> WHAT YOU WILL DO: Reproduce the lines of the material exactly, excluding every image.

> DATA:
┄┄┄┄┄┄┄┄┄┄┄┄┄┄┄┄┄┄┄┄

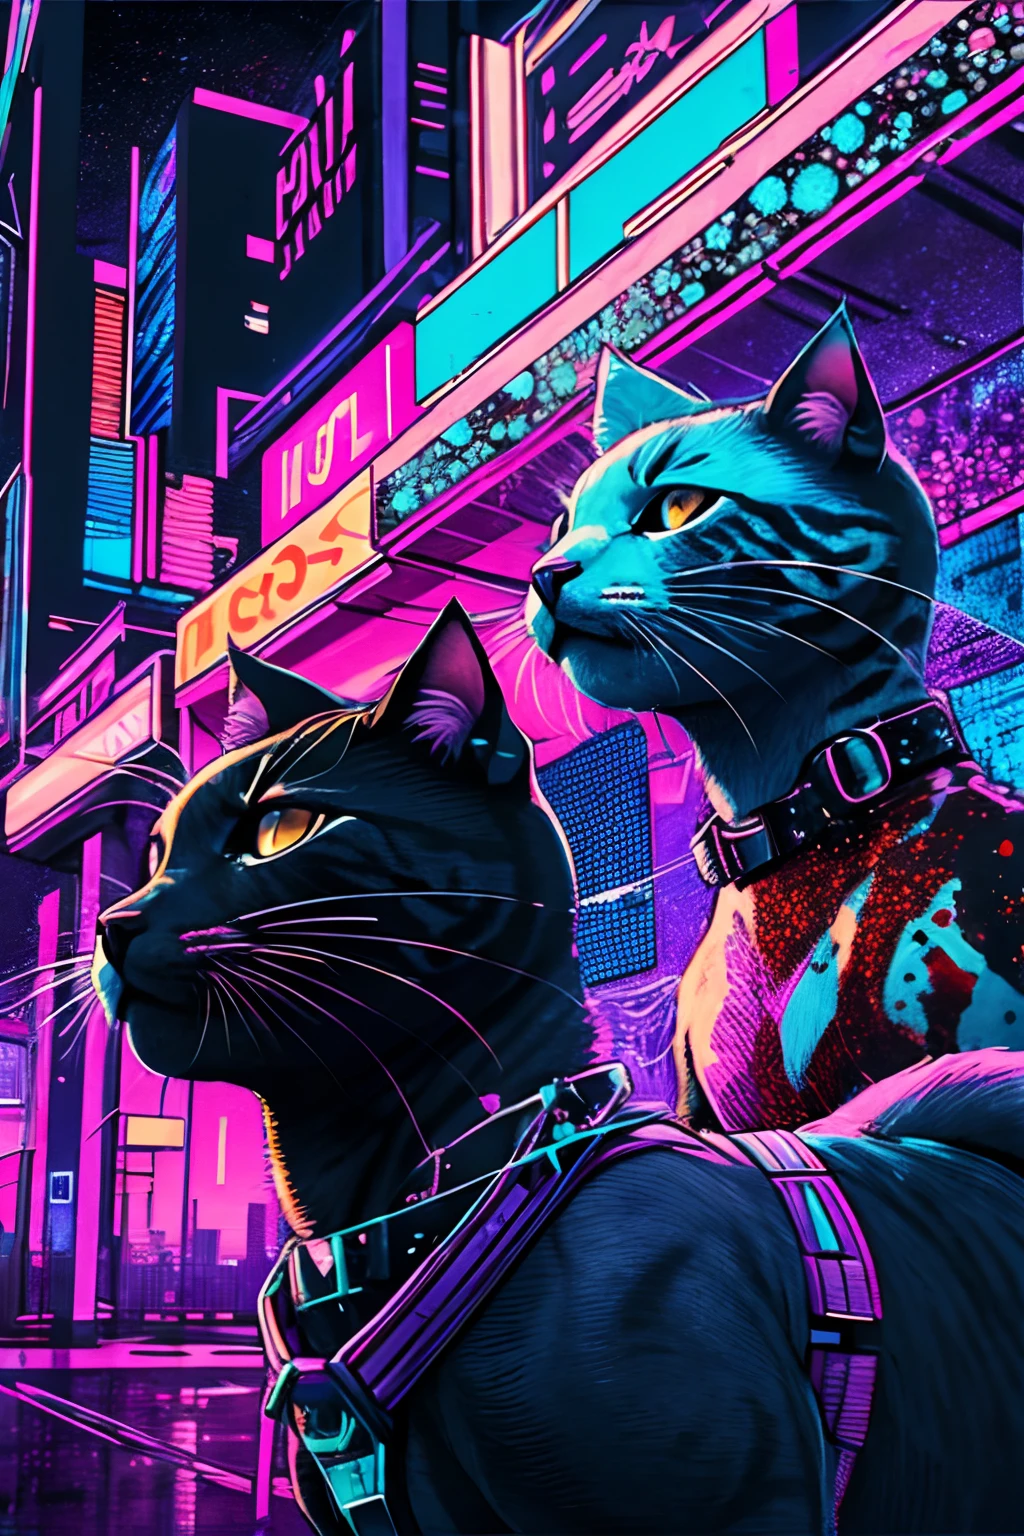 (masutepiece), Best Quality, Three cats、(gritty:0.9),(80's aesthetic:1.1),(neons:0.8),(Retro:0.9),(analogue:1.1),(Grim Reaper:0.5),(Purple and orange color scheme:0.9),(Black and white:0.6),(Drooping letters:0.8),(The aesthetics of vaporwave:1.2),(digital distortion:0.9),(Blood splatters:0.8),(darkness:0.9),
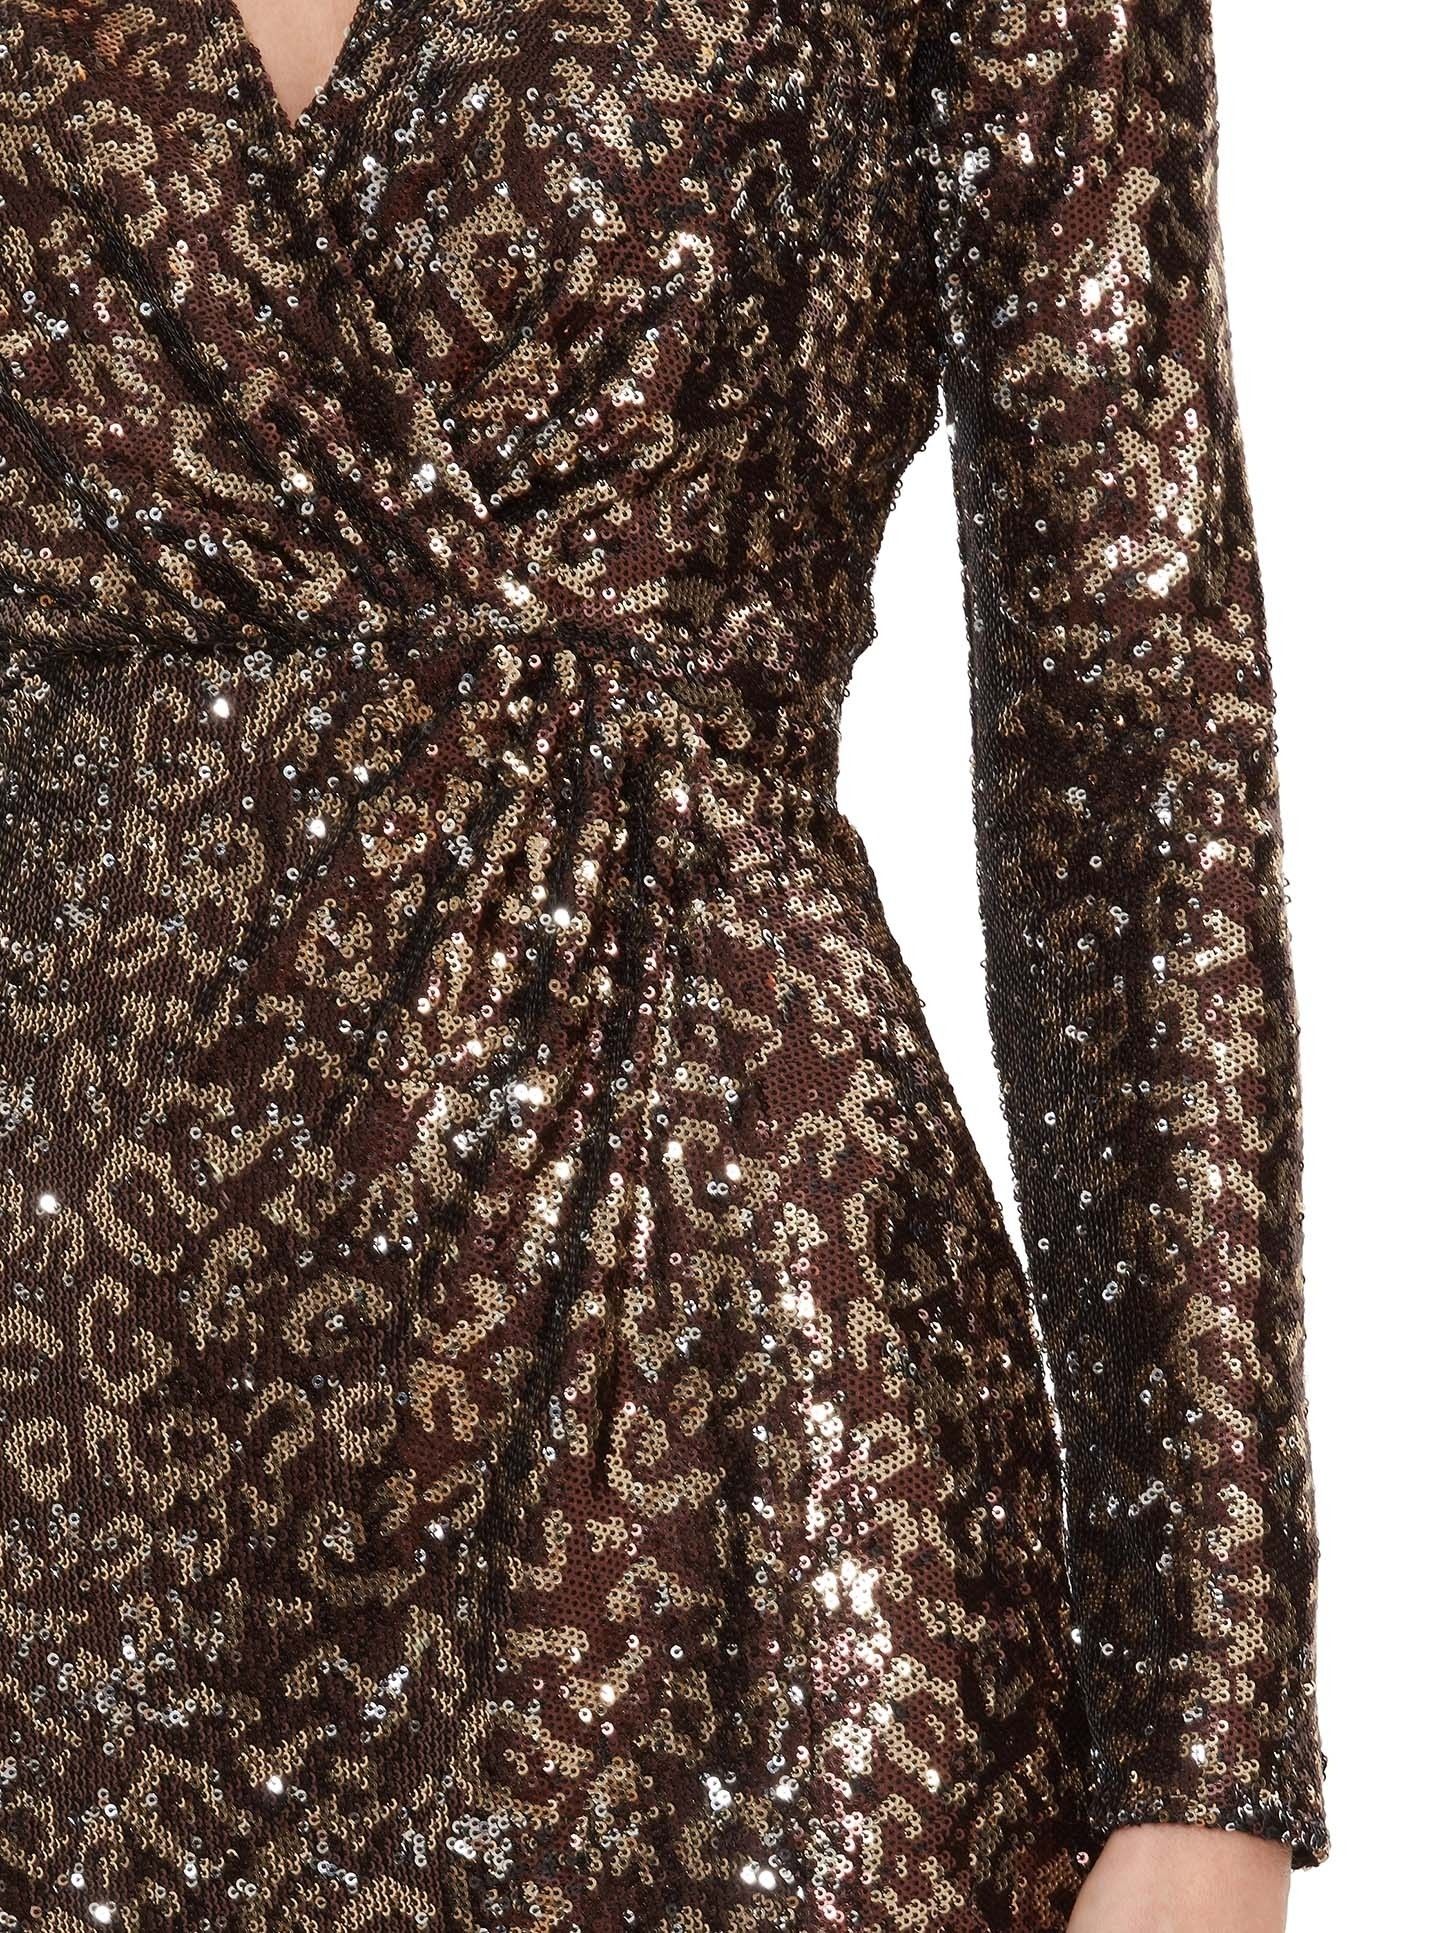 This gorgeous wrap dress by Gina Bacconi is sure to make you stand out. This low cut sequin dress is perfect for a party or special occasion. With ruching and a split hem for a classic look.
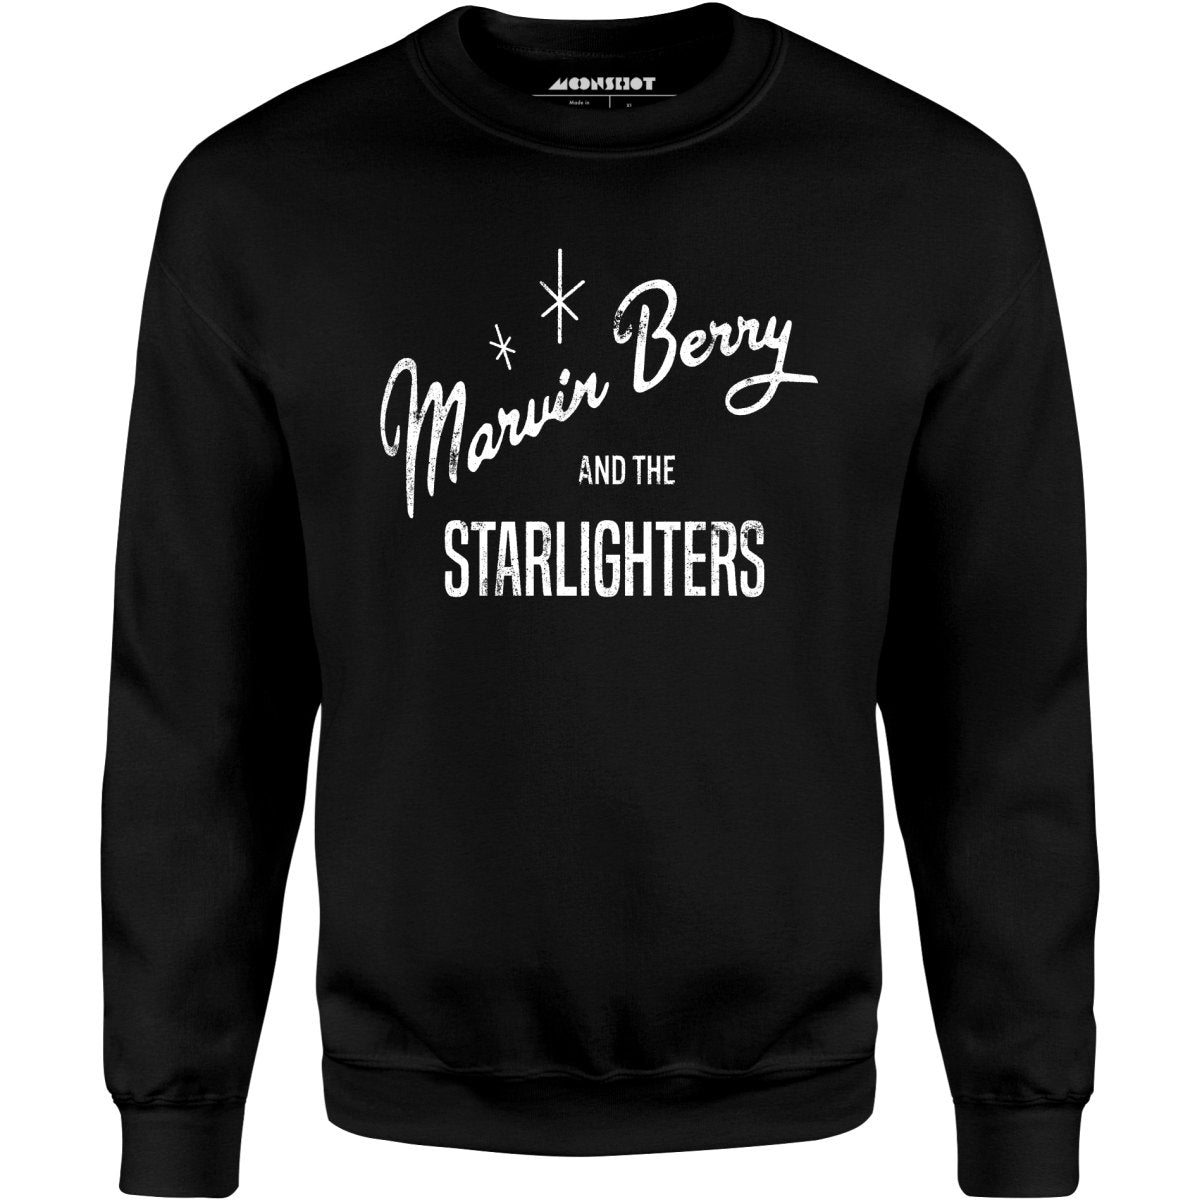 Marvin Berry and The Starlighters - Unisex Sweatshirt

┄┄┄┄┄┄┄┄┄┄┄┄┄┄┄┄┄┄┄┄

> REPLY:
 (masutepiece), Best Quality, Three cats、(gritty:0.9),(80's aesthetic:1.1),(neons:0.8),(Retro:0.9),(analogue:1.1),(Grim Reaper:0.5),(Purple and orange color scheme:0.9),(Black and white:0.6),(Drooping letters:0.8),(The aesthetics of vaporwave:1.2),(digital distortion:0.9),(Blood splatters:0.8),(darkness:0.9),
 This gorgeous wrap dress by Gina Bacconi is sure to make you stand out. This low cut sequin dress is perfect for a party or special occasion. With ruching and a split hem for a classic look.
 Marvin Berry and The Starlighters - Unisex Sweatshirt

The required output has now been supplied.